Schema Theory Background and Knowledge in Reading

Schema Theory is the source of some questions like: How do readers construct meaning? How do they decide what to hold on to, and having made that decision, how do they infer a writer’s message? The reader brings information, knowledge, emotion, experience, and culture – that is, schemata (plural) – to the printed word, Brown (2001: 299).
Beside that, this idea also support by Clarke and Silberstein in Brown (2001) capture the definition of schema theory as follows:
“Research has shown that reading is only incidentally visual. More information is contributed by the reader than by the print on the page. That is, readers understand what they read because they are able to take the stimulus beyond its graphic representation and assign it membership to an appropriate group of concepts already stored in their memories…….Skill in reading depends on the efficient interaction between linguistic knowledge and knowledge of the world”.

There are two categories of schemata, as follows:
1. Content Schemata include what we know about people, the world, culture, and the universe
2. Formal Schemata consist of our knowledge about discourse structure.
In line with the explanation above, the writer conclude that the use of pre-questioning is to build readers’ content schemata which are related to the background of knowledge.

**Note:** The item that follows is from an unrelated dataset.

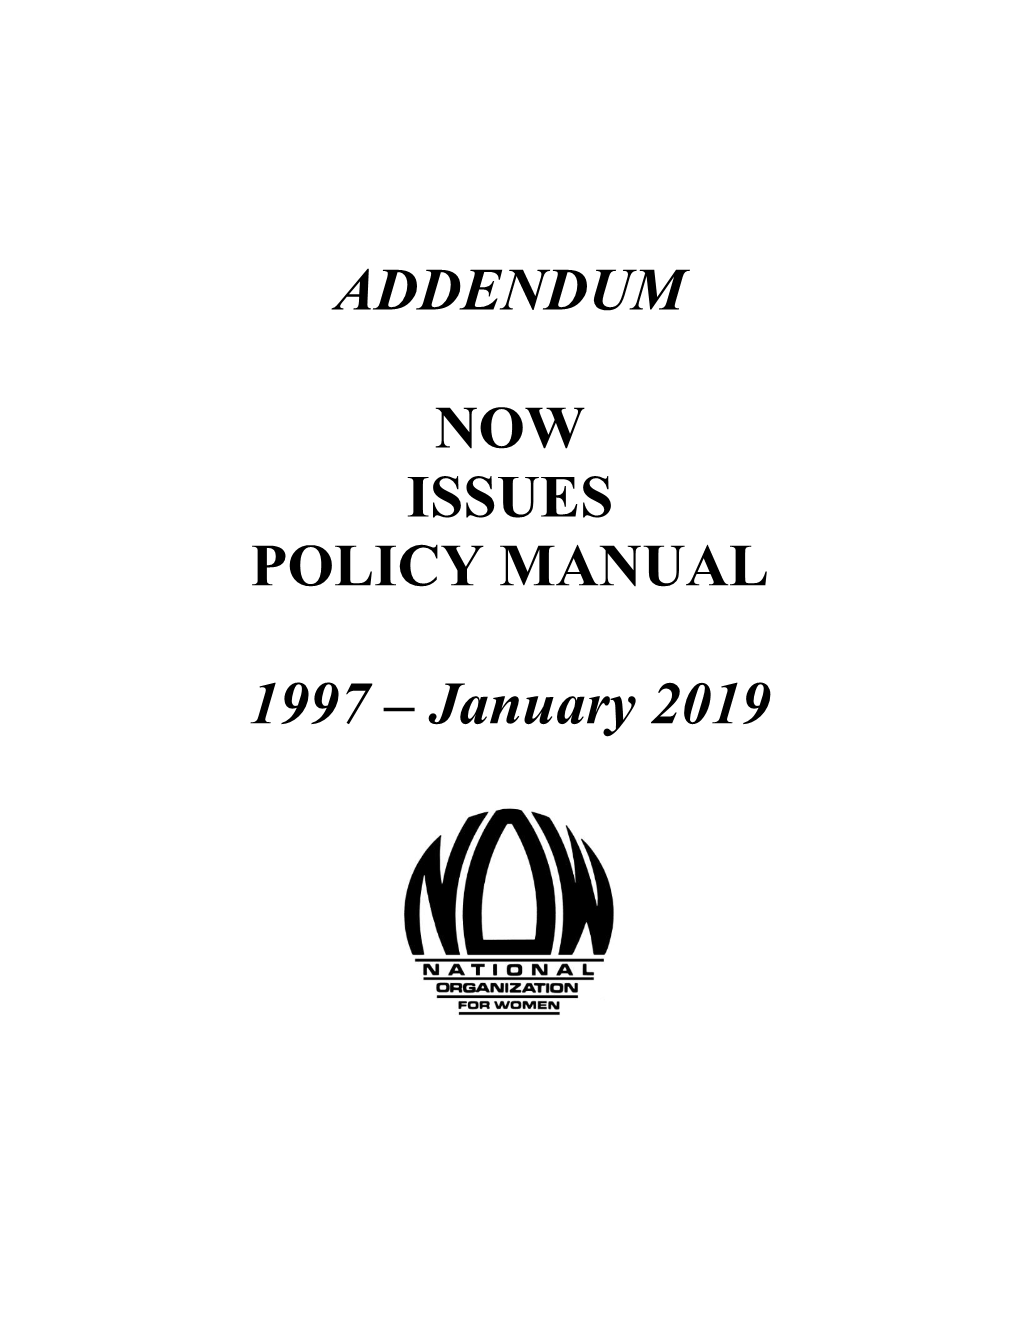 ADDENDUM NOW ISSUES POLICY MANUAL 1997 – January 2019

2.4 Cognitive Factors in Reading
According to Harris and Sipay (1980:251) there are several cognitive factors in reading such as perception, attention, memory, and cognitive style.
2.4.1 Perception
Perception starts with the stimulation of sense organs such as the eyes and ears, but it is far more than simple sensing. In perceiving, the brain selects, groups, organizes, and sequences the sensory data so that people perceive meaningful experiences that can lead to appropriate responses. Among the important characteristics of perception, several seem to have particular relevance for reading, such as follows:
1. Figure and Ground
Normally, one major unit or group of units is perceived clearly against a background that is more vaguely perceived.
2. Closure
The abilities to get the correct meaning of a sentence in which not all the words are recognized, and to pronounce a word correctly when some letters are blotted out, are examples of closure.
3. Sequence
In reading, all the stimuli are on the page and sequence is imposed by the reader.
4. Learning
Perception becomes meaningful units as they become associated with learned concepts and their verbal labels.
5. Set
One’s immediate mind set provides an anticipation of what is likely to come that is helpful when the anticipation is correct, but leads to errors when the anticipation is incorrect.
6. Discrimination
The abilities to analyze a whole perception into its parts, and to synthesize the parts correctly are basic to success in visual and auditory discrimination of words.
2.4.2 Memory
Psychologists distinguish between iconic memory, the fraction of a second that a sensory impression lasts before it fades out. Short term memory, which lasts a view second and long term memory. A distinction is also made rote memory, in which the material may be without structure (as in a sequence of digits), and memory for meaningful material.

2.4.3 Attention
According to Harris and Sipay (1980:277) attention based on the cognitive is the ability to attend and concentrate is basic to efficiency in perception, learning, and memory.
Related to this study, it means the person can maintain focus on particular stimuli and disregard or suppress other stimulation that reaches him at the same time, thus maintaining a stable figure in the focus of attention, against a non interfering background.
2.4.4 Cognitive Style
Cognitive style refers to the tendency to prefer certain ways of handling cognitive tasks to other ways. The preferred may be a relatively strong aptitude or a fairly consistent behavioral tendency. Some explorations of cognitive style seem relevant to the understanding of reading disabilities.